Non fa a tempo a sciogliersi una formazione con questo altisonante moniker - parliamo del prog symphonic combo nipponico guidato dal geniale Hizaki - che subito arriva qualcuno a raccoglierne l’imponente eredità. Dunque: la press note in nostro possesso ci dice che “sono wave quanto basta”, noi diciamo che non sono wave per niente; e per fortuna, considerata la “lieve” ed “impercettibile” saturazione del mercato. Parliamo dei Versailles, formazione nata dall’incontro tra due musicisti militanti altrove quali Damiano (tra i tanti, Maria Antonietta) e Manu (tra i tanti, Scanners) al lavoro su un garage rock in lo-fi sparato su ruvide creste alternative.
In realtà, magari quel pizzico di malizia wave c’è nell’immaginario della band e nel titolo di un’opera, “1976-1991”, che sembra indicare la nascita e la morte del genere – perlomeno nella sua forma più pura. Ma bastano le note di chitarra dell’iniziale “Uh! Uh! Ah!” per essere catapultati in un mondo rock assai poco oscuro e maggiormente incline ad atmosfere molto USA (“Intro”), oppure su cantilene distorte che fanno molto scazzo punk pop from the ‘90s (“HVS”, “Mare Nero”).

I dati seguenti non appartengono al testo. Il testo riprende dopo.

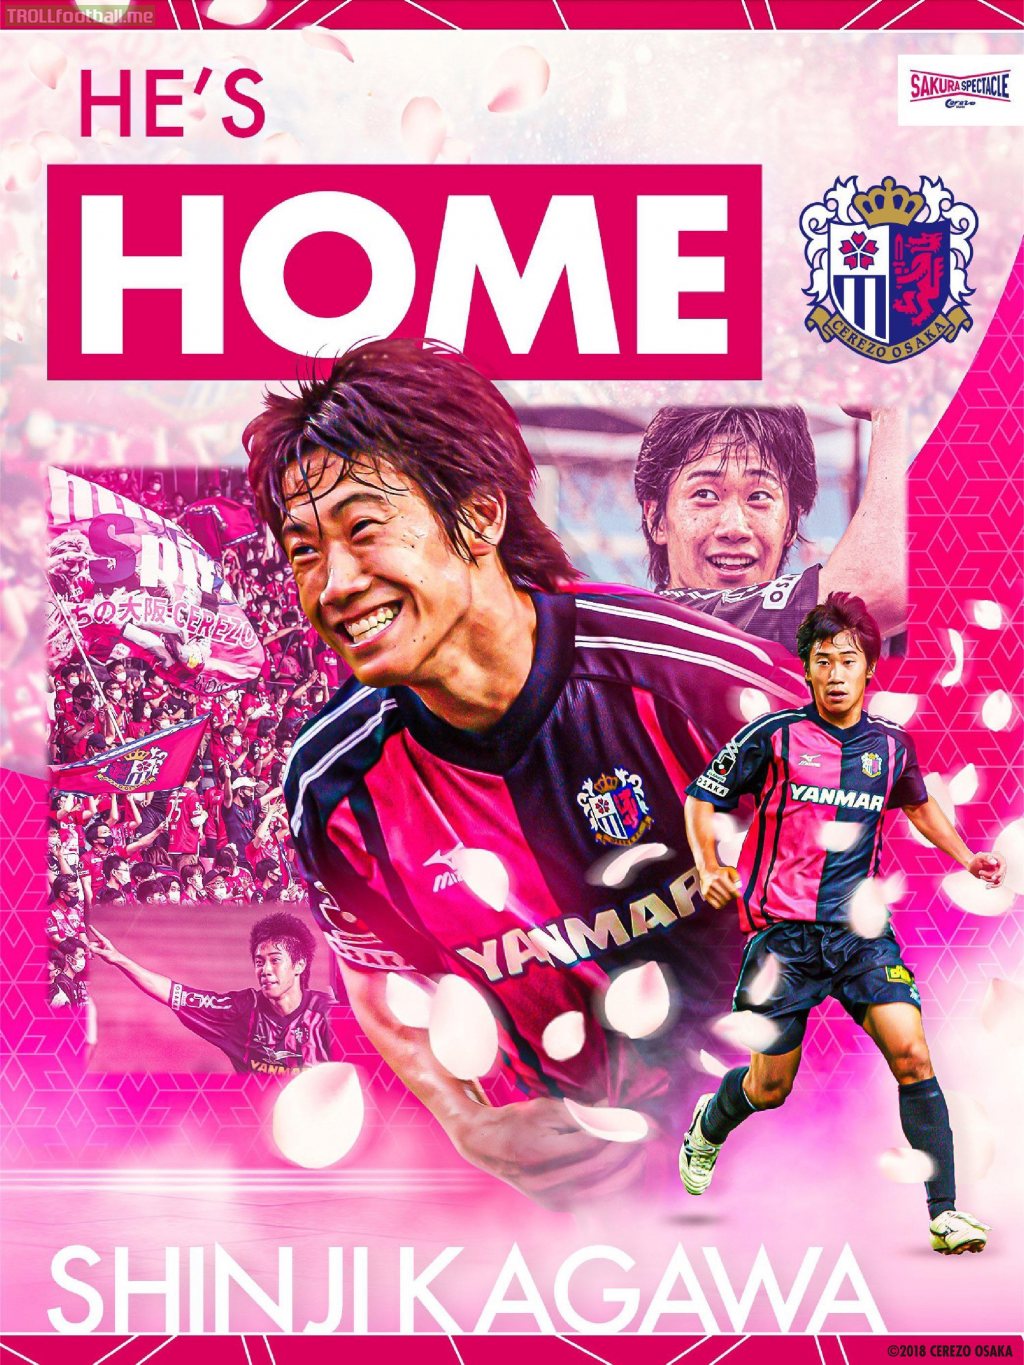 Back where it all started. Welcome home, Shinji Kagawa!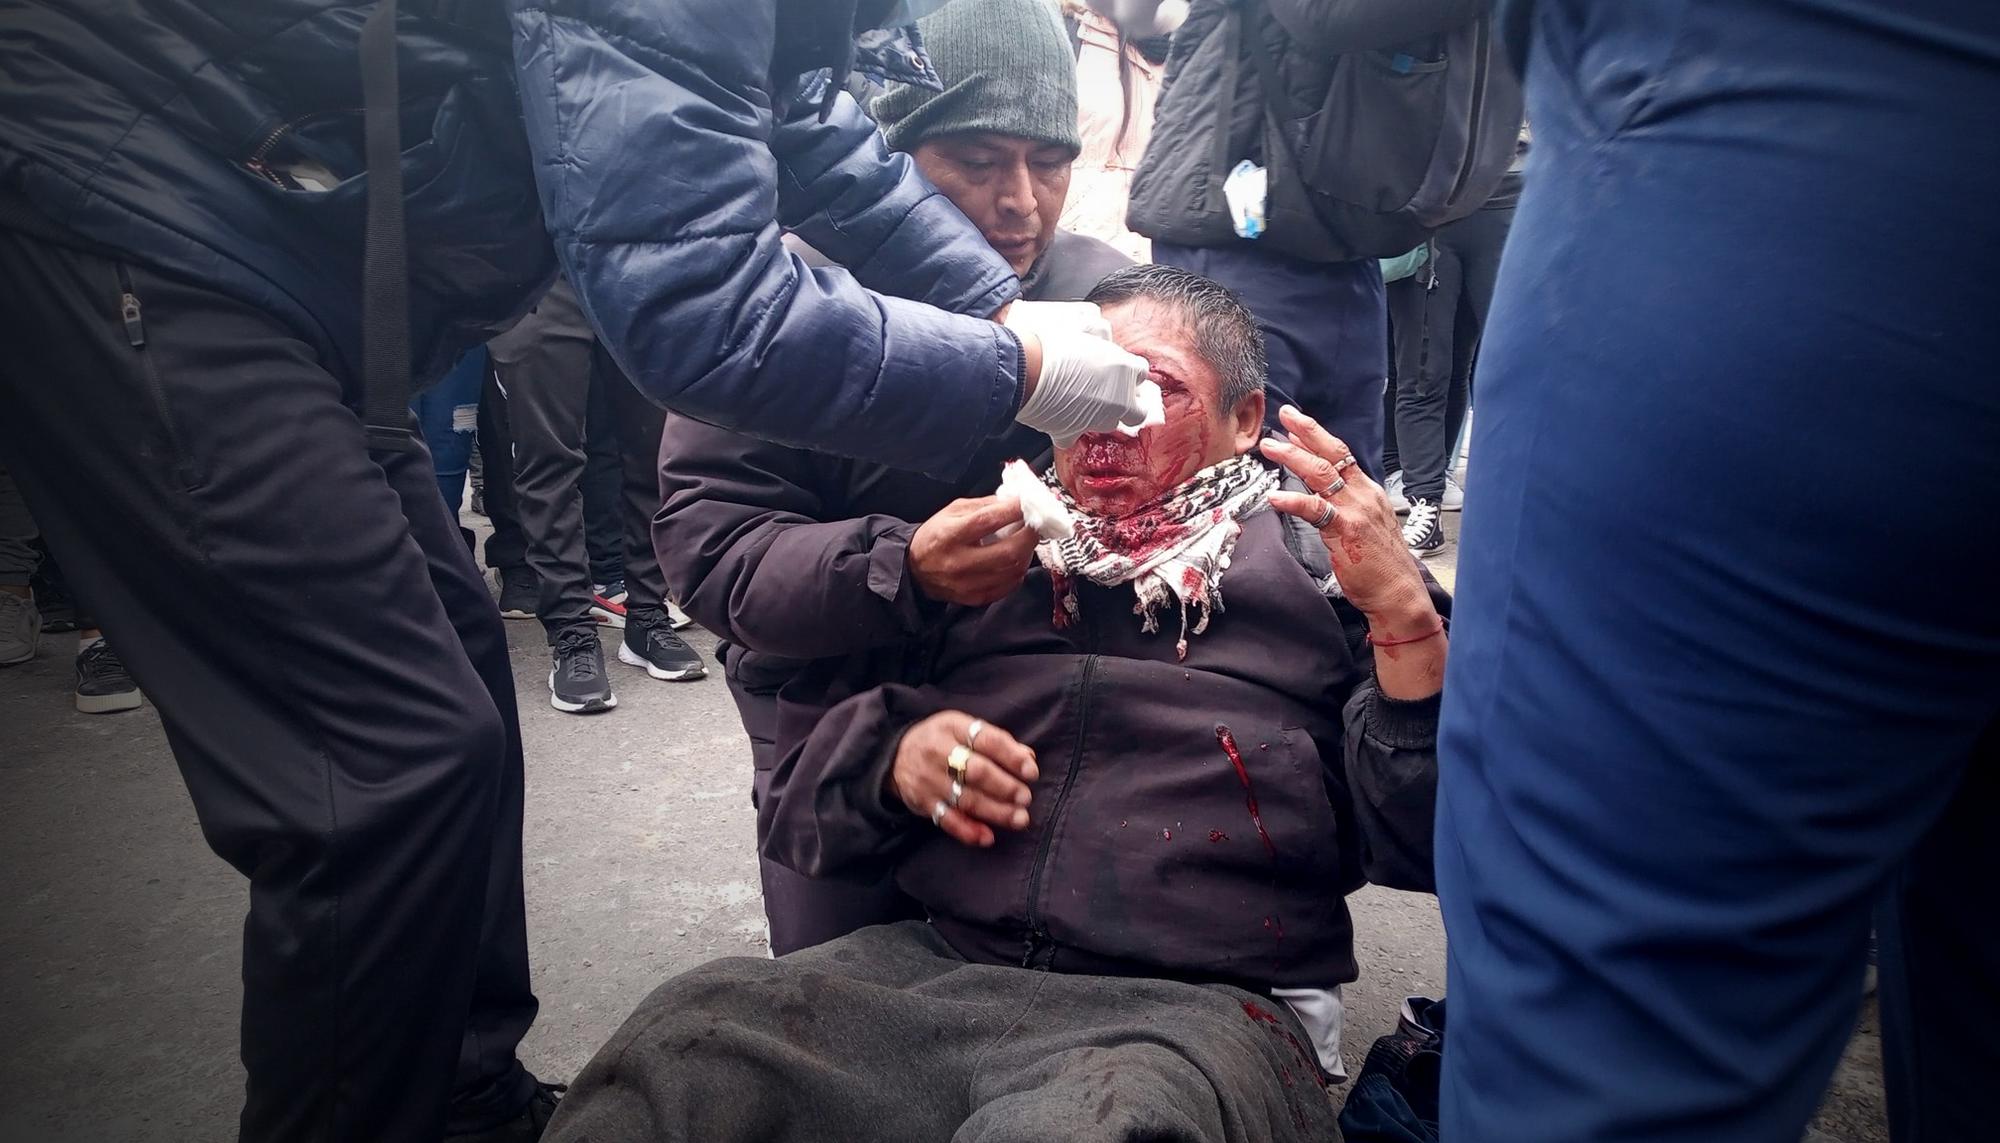 La represión ordenada por el gobernador de la provincia de Jujuy, Gerardo Morales, ha provocado centenares de heridos.

Più The Hives che White Stripes – per manifesta mancanza di nervo soul e derive tanto schizoidi quanto geniali in fase di composizione – i Versailles confezionano il classico disco di mestiere di cui non si può per nulla parlare male, ma di cui non si riesce nemmeno a dire troppo bene. Gli estimatori del genere devono assolutamente concedere l’interesse necessario a capire se l’invito a corte dei Nostri è di quelli a cui rispondere con entusiasmo, magari portando con sé alla festa qualche amico.